I need to refactor existing abstract class to implement Dependency Injection, but this class has two constructors that takes other parameters.

public abstract class MyClassBase
{
    MyClassBase(int settingId)
    {
        _settingId = settingId;
    }

    MyClassBase(Setting setting)
    {
        _setting = setting;
    }
    ...
}

I need to inject some interfaces and avoid passing any other parameter like "settingId" and "Setting" in constructor. So my idea is to create two methods to setup these parameters once we create the instance of this class.

public abstract class MyClassBase
{
    private readonly IOneService _oneService;
    private readonly ITwoService _twoService;

    MyClassBase(IOneService oneService, ITwoService twoService)
    {
        _oneService = oneService;
        _twoService = twoService;
    }

    protected void SetupSetting(int settingId)
    {
        _settingId = settingId;
    }

    protected void SetupSetting(Setting setting)
    {
        _setting = setting;
    }

    protected Setting Setting
    {
        get 
        {
            if(_setting == null)
            {
                _setting = _oneService.getSettingById(_settingId);
            }

            return _setting;
        }
    }  
}

But it does not look as a proper solution, because if developer forget to run one of these methods just after instance creation we can get an exception(object not set to reference...) in future. How should I do it properly?

Upvotes: 2

Views: 652

Answers (2)

Steven
Steven

Reputation: 172865

Your injectables should have just one constructor. Having multiple constructors is an anti-pattern. Everything that the class requires to run must be passed in through the constructor; constructing the object using multiple steps leads to temporal coupling, which is a design smell.

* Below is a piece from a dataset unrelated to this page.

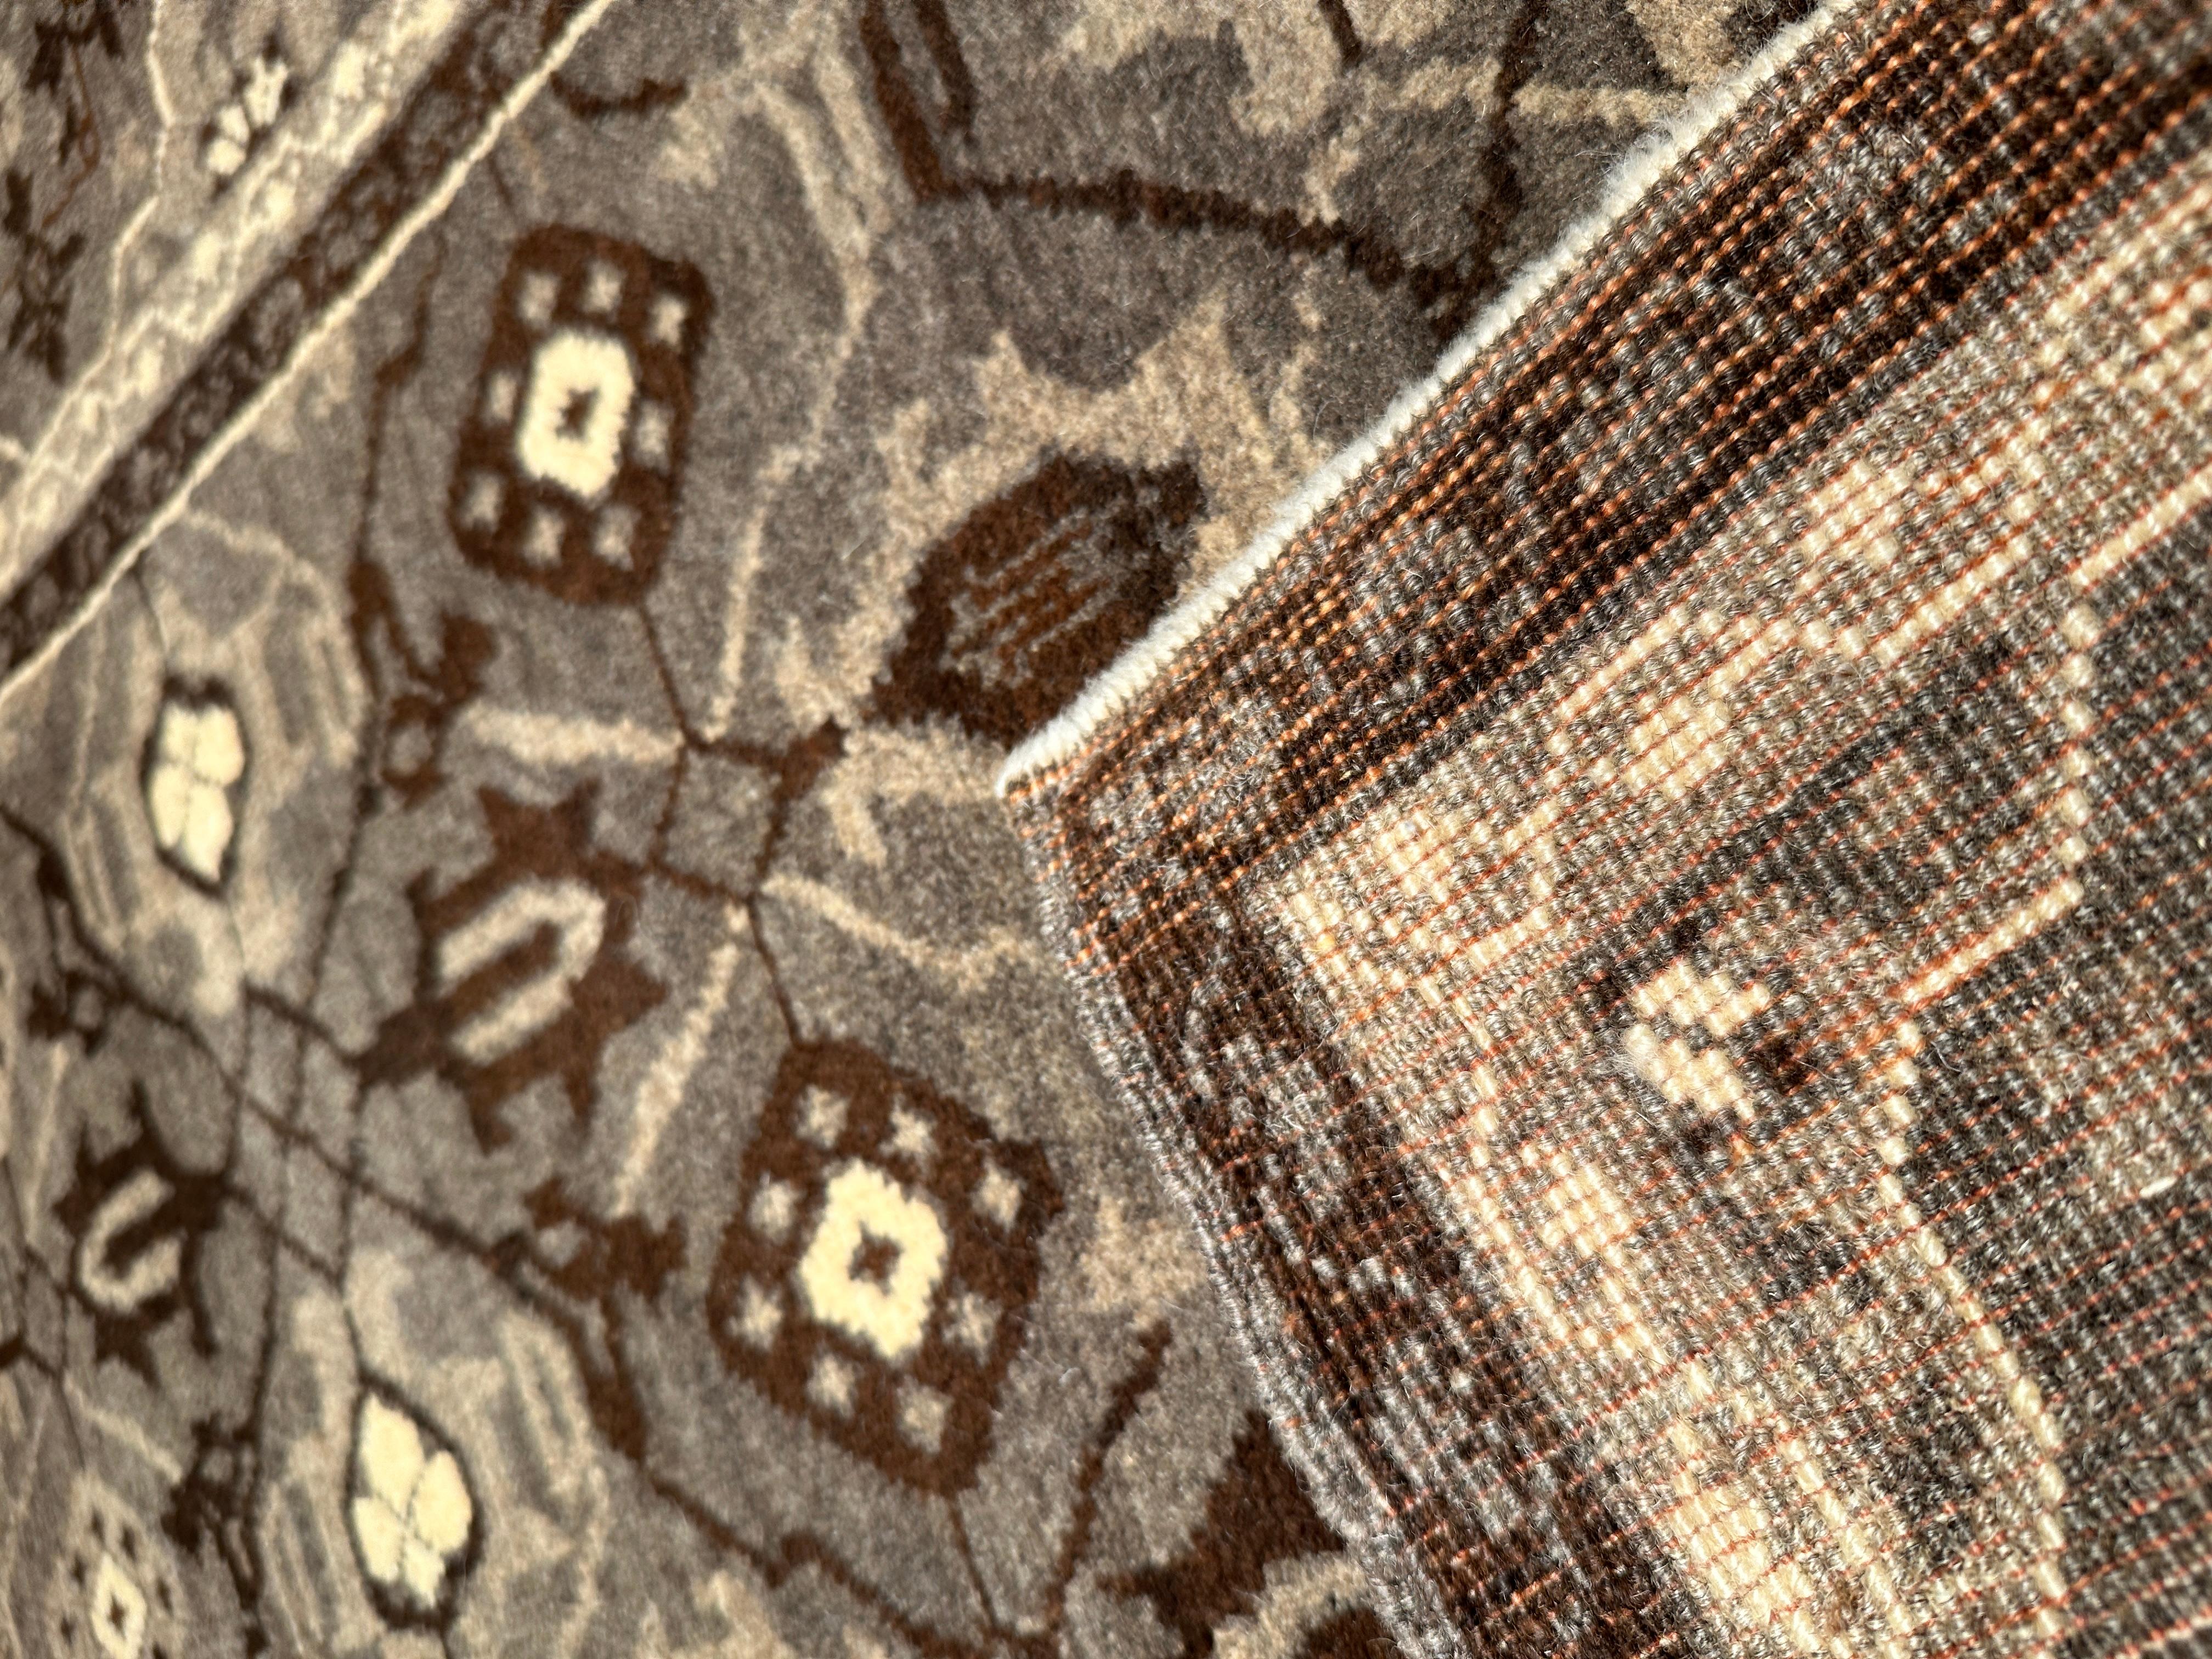 Le tapis source provient de la Collection Mercer Sotheby's 2000 (couverture du catalogue). Ce tapis mamelouk-cairen est connu, car il présente curieusement un certain type de treillis. Il a été conçu au début du XVIe siècle par la sultane mamelouke

So in general, I agree with @realnero's solution, although abstracting the Settings object with an interface might not be useful. Interfaces are meant to abstract behaviour, but such settings object will typically only contain data, no behaviour. Adding an abstraction will therefore not work.

Although injecting a Settings object can be fine, such object is often misused. You should not pass in more into the constructor than such class directly needs itself. If the Settings object contains values for the whole application, it will become unclear what values such class needs. It will also cause you to change the Settings object every time the configuration changes and there will be many consumers depending on this ever growing Settings class.

These settings classes are often used to dispatch to the configuration file. In other words, when a consumer asks for a value from the Settings class, it queries the configuration file. This results in a configuration file that is read lazily. This makes it really easy for an application to fail at runtime, because of typos in the configuration file. Instead you rather want the application to fail directly at start up (fail fast).

So instead, you should just inject the configuration values that such component needs and those values should be read from the configuration file at application start up. This allows the application to fail fast when the config is incorrect, makes it very clear what the component requires and prevents you from having central configuration classes where the whole application depends upon.

But having base classes with dependencies is a code smell by itself. Without a concrete example it's impossible to say what how to refactor, but I think there are two design mistakes that cause the use of base classes.

Developers often move cross-cutting concerns into base classes. This will cause those base classes to grow and become hard to maintain, and it causes the complexity of the base class to be intertwined with the derived class, making them complex and hard to test as well. Instead, cross-cutting concerns should be added using decoration or interception. The decorator design pattern is very effective in applying cross-cutting concerns. It allows the services to have no base class at all and provides great flexibility when it comes to adding new cross-cutting concerns. Take a look at this article for instance to get some ideas about this.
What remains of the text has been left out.